Как абсолютная сила и абсолютное бессилие обнуляются, взаимно нейтрализуя друг друга, в некой общей точке пересечения, точке кенозиса? Эта точка становится своего рода локацией Чуда, местом осуществления радикального разрыва с телеологией, указанием на безграничные и бесконечные возможности нулевого субъекта. Вспомним мысль Николая Бердяева о «трагедии творчества». Творческий человек, художник, поэт, всегда жаждет большего, чем он может воплотить в видимом мире вещей. Он жаждет религиозного преображения мира, но создаваемый им творческий продукт как раз и принадлежит этому миру. Жажда есть огонь, а творчество есть охлаждение огня. Жажда есть взлет, а творчество есть падение[2]. В акте творчества содержится обреченность замысла, связанного с появлением результата. Замысел – бесконечен и вечен, результат – конечен и смертен. Любое творение есть, по сути, добровольное поражение, аскетический подвиг согласия с будущей великой неудачей. Объективация входит в противоречие с экзистенцией, сталкивая силу (идею, самость) и бессилие (форму, Иное). Смерть и бессмертие идут рядом в культуре, взаимно дополняя друг друга: стремление к бессмертию завершается смертью, но посредством смерти достигается бессмертие. Культура, столь высоко ценимая Бердяевым в противовес миру варварства, становится преградой на пути к эманации мира божественного, блокируя не только низшие биологические порывы человека, но и его высшие трансцендентальные устремления. Культура, с ее корпоративной подражательностью и усредненностью элит, становится символом рабства, причиной трагедии творчества. Трагедия, безусловно, ведет к смерти творца, в первую очередь, метафизической. Художник «умирает» в момент перехода от грандиозного творческого акта к мизерному творческому продукту, но только в таком модусе и может существовать подлинный творец. Однако же через опыт смерти творец срывает покровы сущего и постигает подлинное бытие. Царь-колокол, по сути, является символом трагедии творчества, воплощением идеи абсолютного максимума в замысле и абсолютного минимума в результате творчества.

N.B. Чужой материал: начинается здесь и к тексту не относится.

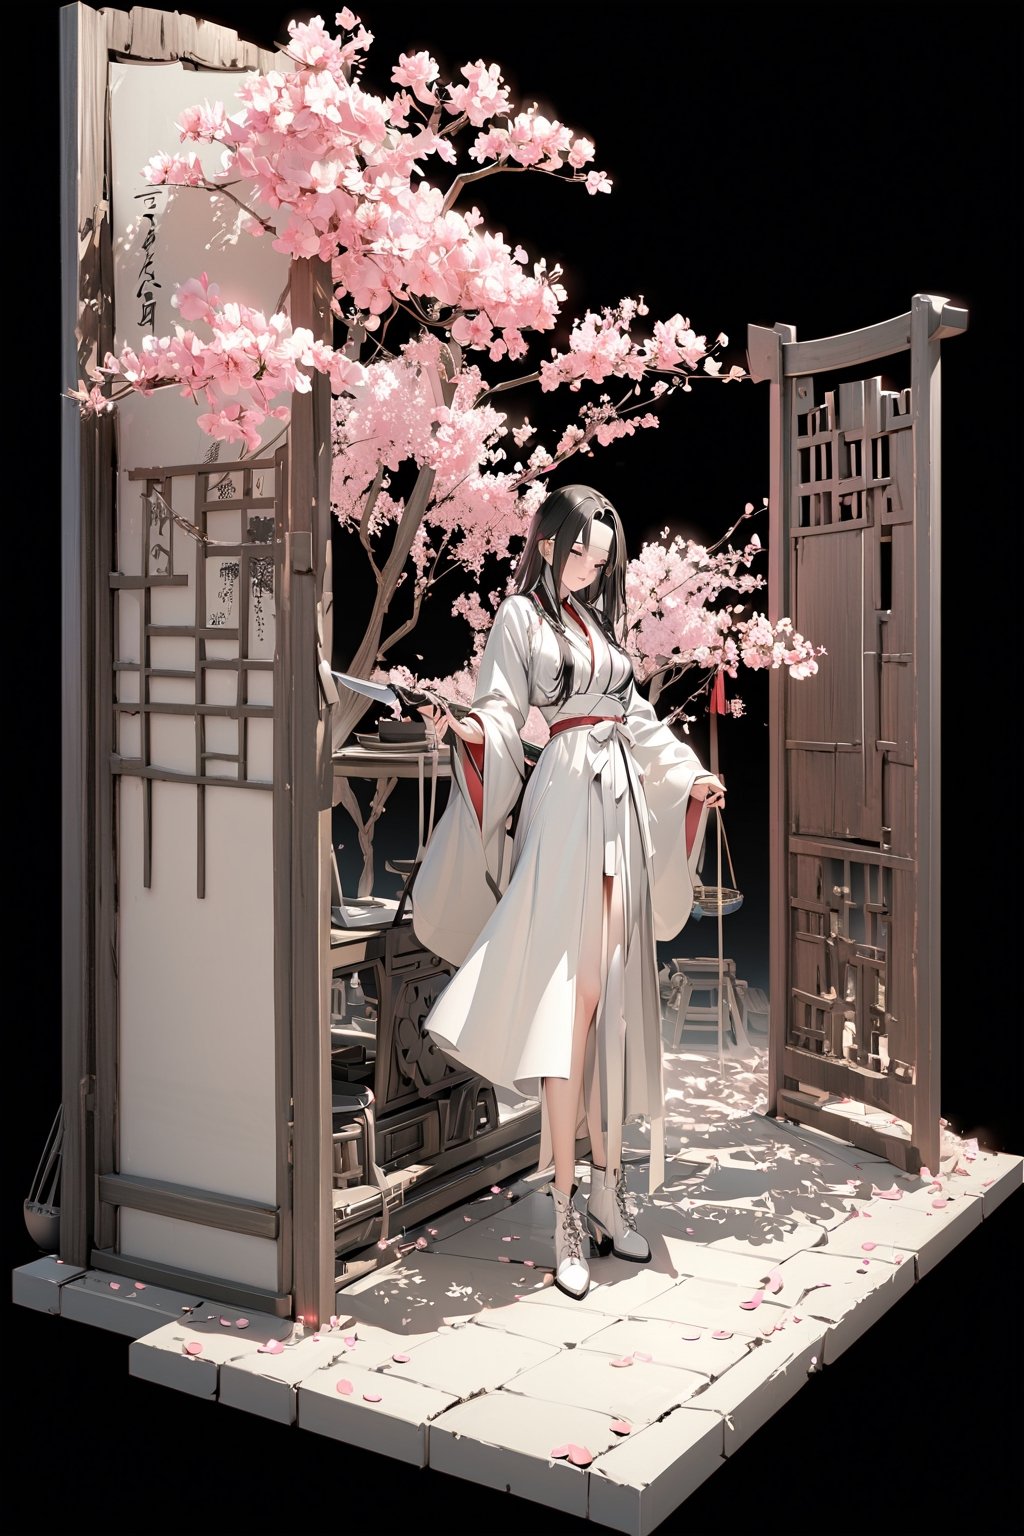 8k, high quality, masterpiece: 1.3), miniature model, white background, 3D isometric style, center, solo, full body,

1 Chinese woman, 26 years old, long black hair, with pink petals on her forehead, wearing a red and white Chinese robe, white plush at the neckline, wearing white leather boots, holding an iron-gray ancient long-handled weapon connecting two sharp knives, and the background is the gate of the ancient Chinese camp.

Является ли смерть творца в культуре символом его духовного угасания? Конечно же, нет. Смерть происходит исключительно в онтическом опыте мира целесообразностей. Она – признак жизни земной. Но на уровне радикального разрыва с целесообразностями, смерть равна Воскресению. Онтической смерти соответствует онтологическая истина. Более того: только через смерть и достигается истина, «смертью смерть поправ». Выражаясь языком эстетическим, художник может достичь подлинных высот в творчестве, только пережив опыт символической смерти. Трагедия Антигоны состоит в том, что она постоянно переводит режим смерти в режим жизни, блокируя зияние сиянием. В искусстве этим достигается эффект Возвышенного как результат смены режимов: трагического на героический, хтонического на олимпийский, дионисийского на аполлоновский, ноктюрного на диурновый, хаотического на космический. Бытие открывается через творческое страдание, являющееся источником исцеления и созидания. Выражаясь языком психоаналитическим, Символическое открывается посредством сублимации Реального, а сублимация – продукт авторской метафоры платоновского субъекта, открытого бездне и преодолевающего её. Без Символического Реальное не может существовать, как вещь без имени: оно превращается в самодостаточное наслаждение смертью, трансгрессию, некрофилию, овеществление и отчуждение. Без Реального не может существовать Символическое: оно превращается в идеологическую догму, скучный официоз, культурное рабство, фарисейство, пустой дискурс. Театр происходит в жесте перехода с просцениума на подмостки. В единстве травмы и триумфа вещь и её имя составляют чудо. Точно так же и смех как симптом абсурда не может существовать без внутреннего трагизма, заложенного в базовой травме его носителя, – радикального субъекта как Трикстера, творца двойного кода романтического и циничного, трагического и комического начал.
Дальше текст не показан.